Mi amistad con Lotty viene de muy atrás, de mis días de estudiante en la Universidad de Chicago, cuando ella era uno de los médicos que trabajaba en un aborto ilegal en el que yo estuve mezclada. También conocía a Agnes Paciorek de aquella época.
Me detuve en una tienda Treasure Island en Broadway para comprar comida y vino. Eran las seis y media cuando llegué a casa y llamé a Lotty. Ella acababa de llegar tras una larga jornada en la clínica que dirige en Sheffield, cerca de su apartamento. Saludó con júbilo mi oferta de invitarla a cenar y dijo que se acercaría tras darse un baño caliente.
Limpié lo peor de mi salón y cocina. Lotty nunca critica mi manera de cuidar la casa, pero ella es un ama de casa impecable y no me parecía justo sacarla de casa en una noche tan fría y luego hacer que la pasase entre mugre.
Pollo, ajo, champiñones y cebollas rehogadas en aceite de oliva y luego flambeados con coñac eran un guiso fácil y atractivo. Una botella de Ruffino ponía punto final al plato. En el momento en que el agua hervía para los fettucine, sonó el timbre.
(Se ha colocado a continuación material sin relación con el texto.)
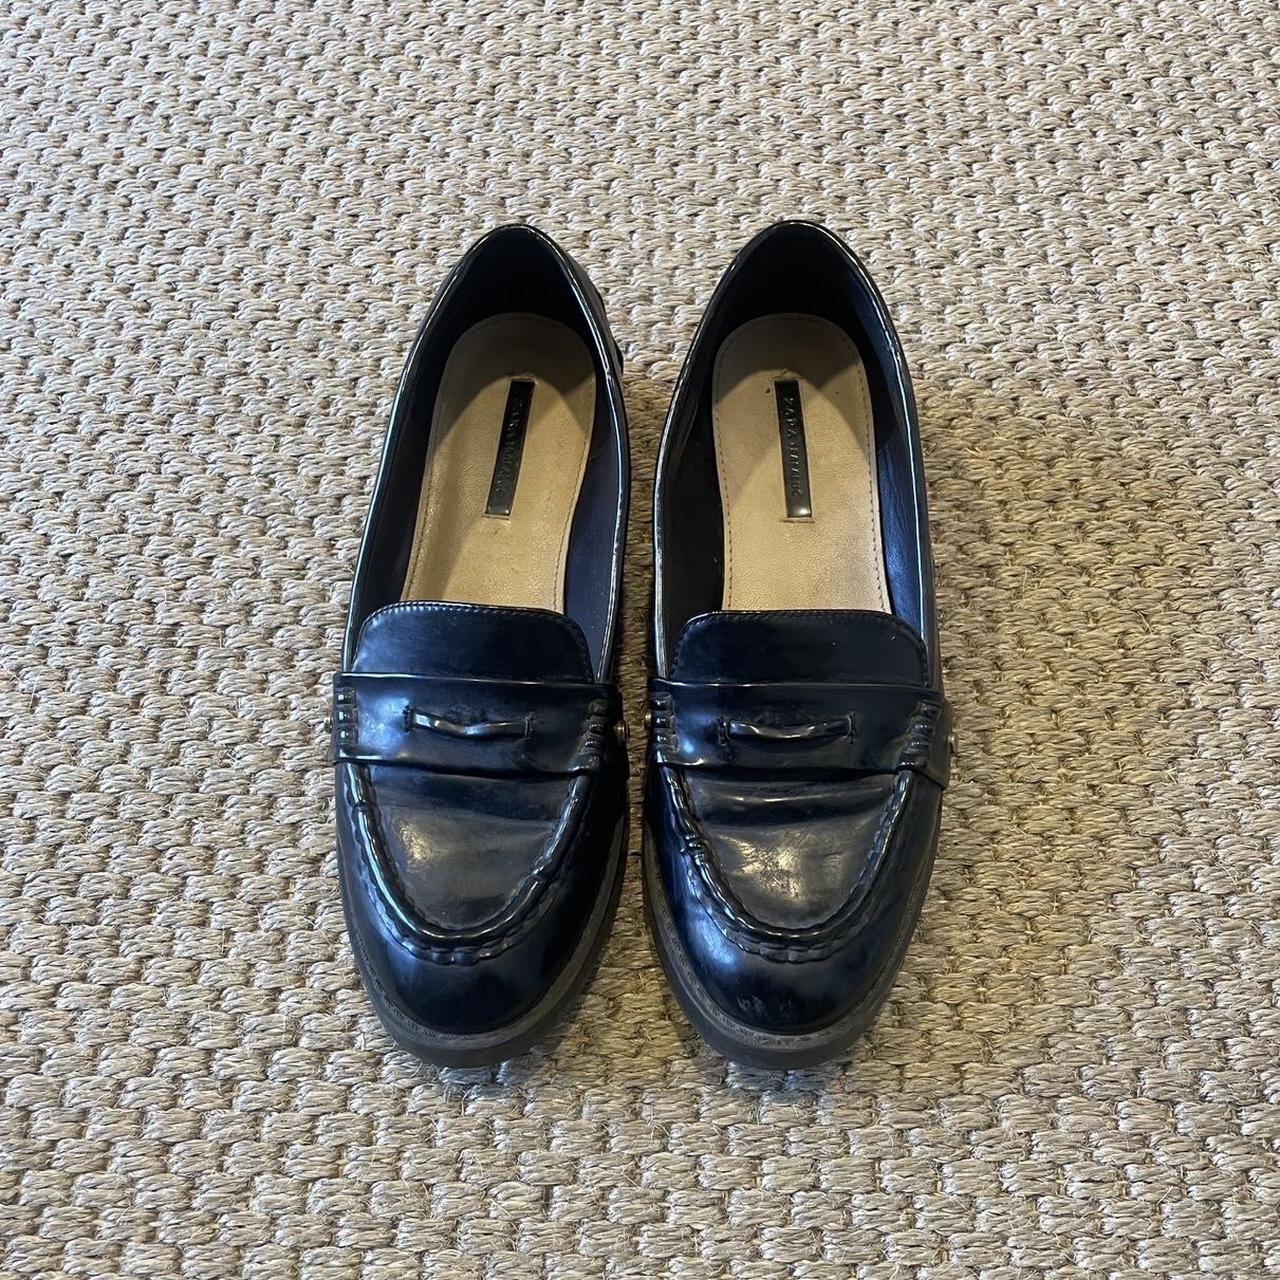 Penny Loafers in Black Good condition Size EU 37 - Depop

Lotty subió los escalones con viveza y me saludó con un abrazo.
– Menos mal que me llamaste, querida. Ha sido un día largo y deprimente: una niña muerta de meningitis porque su madre no quería traerla. Le había colgado un amuleto alrededor del cuello y creía que eso iba a hacerle bajar una fiebre de cuarenta y uno. Tiene tres hermanas, las hemos puesto en observación en St. Vincent, pero, ¡oh, Dios mío!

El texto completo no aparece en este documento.